Last edited: January 28, 2005


Santorum Defends Comments on Homosexuality

White House maintains silence on issue

CNN, April 23, 2003

By CNN.Com Producer Sean Loughlin in Washington.

WILLIAMSPORT, Pennsylvania—Sen. Rick Santorum on Wednesday complained that his remarks about homosexuality—under fire by gay rights groups and some Democrats—were “taken out of context,” but at the same time he defended them as an accurate reflection of the law on the matter.

Santorum, R-Pennsylvania, was questioned about his comments at a town hall meeting by a 23-year-old man who identified himself as “a proud, gay Pennsylvanian” and said he was offended by the remarks—part of an interview with The Associated Press—in which Santorum appeared to compare homosexuality to incest, bigamy and adultery.

“You attacked me for who I am .... How could you compare my sexuality and what I do in the privacy of my home to bigamy or incest,” the man asked Santorum.

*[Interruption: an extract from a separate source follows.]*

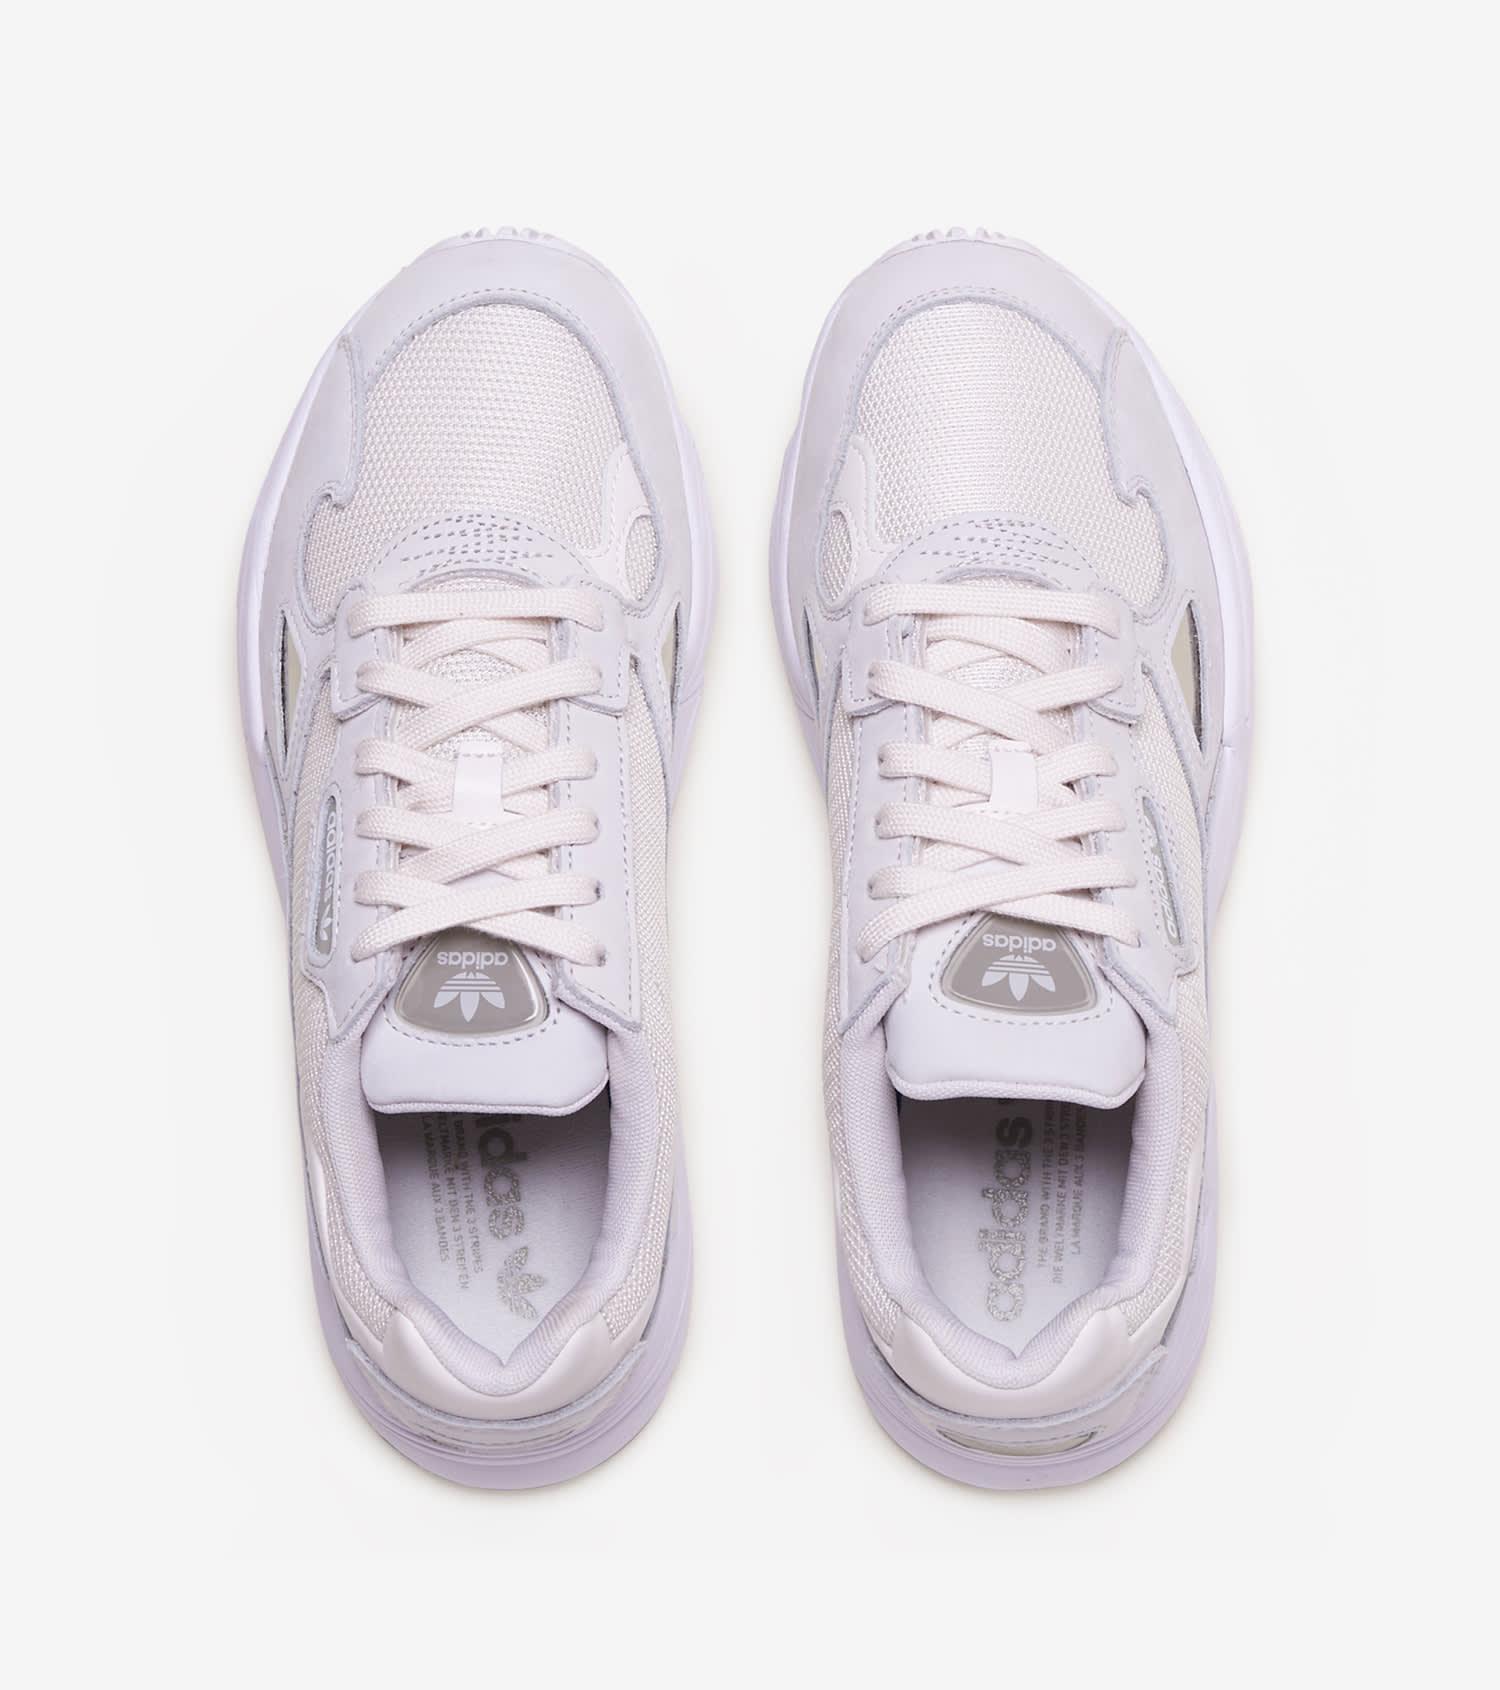 Womens Adidas Originals Falcon Kylie Shoe In Cloud White Grey

Santorum, however, stood by his comments, even as he said they had been taken out of context. He said that if states were not allowed to regulate homosexual activity in private homes, “you leave open the door for a variety of other sexual activities to occur within the home and not be regulated.”

Santorum, a lawyer, said that was not an expression of intolerance. “It is simply a reflection of the law,” he said, saying Justice Byron White articulated that view in a 1986 Supreme Court ruling that dealt with homosexuality.

In the AP interview, Santorum criticized homosexuality as he discussed a pending Supreme Court case over a sodomy law in Texas.

“If the Supreme Court says that you have the right to consensual (gay) sex within your home, then you have the right to bigamy, you have the right to polygamy, you have the right to incest, you have the right to adultery. You have the right to anything,” Santorum said in the AP interview.

Meanwhile, in Washington the White House maintained a hands-off posture about the comments for a second day in a row.

“I haven’t personally talked to the president about it, so I don’t have anything direct for the president to share,” White House Press Secretary Ari Fleischer said in response to a question about Santorum’s comments.

Fleischer said the president typically doesn’t comment on matters pending before the Supreme Court or people’s interpretation of cases, and he cast Santorum’s remarks in that context.

Santorum, however, also talked about homosexuality in general during the AP interview, and he made it clear that he did not approve of “acts outside of traditional heterosexual relationships.”

In the April 7 interview, Santorum describes homosexual acts as a threat to society and the family. “I have no problem with homosexuality,” Santorum said, according to the AP. “I have a problem with homosexual acts.”

The White House’s reluctance to offer its opinions about Santorum’s remarks stands in sharp contrast to its response to comments made by Sen. Trent Lott, R-Mississippi, in December that many believed were racially insensitive and remarks in March from Rep. Jim Moran, D-Virginia, about Jews and the war in Iraq. In both cases, the White House criticized those comments.

And in both cases, the two men gave up their respective leadership positions under pressure. Lott resigned as Senate majority leader and Moran resigned as a Democratic regional whip.

Gay groups have blasted Santorum’s comments, including the Log Cabin Republicans, an organization of gay Republicans.

Some Democrats have called on Santorum to step down from his Senate leadership position. Santorum serves as chairman of the Republican Senate Caucus, the number three position in the GOP leadership.

Former Vermont Gov. Howard Dean, one of nine Democrats seeking his party’s 2004 presidential nomination, Wednesday, called on Santorum to step aside from the leadership post.

“Gay-bashing is not a legitimate public policy discussion; it is immoral,” Dean said in a statement. “Rick Santorum’s failure to recognize that attacking people because of who they are is morally wrong makes him unfit for a leadership position in the United States Senate. Today, I call on Rick Santorum to resign from his post as Republican Conference chairman.”

Santorum has stood by his comments, saying they should be viewed in the context of the Supreme Court case. In a Tuesday statement, he also stated his belief that “all are equal under the Constitution” and that his remarks in the interview were not meant to be a statement on “individual lifestyles.”

Several conservative groups have come to Santorum’s defense.

Concerned Women for America, a conservative interest group in Washington, released a statement criticizing the “gay thought police” and saying Santorum was “exactly right.”

Genevieve Wood, vice president for communications at the Family Research Council, another conservative group, agreed.

“I think the Republican party would do well to follow Senator Santorum if they want to see pro-family voters show up on Election Day,” she said.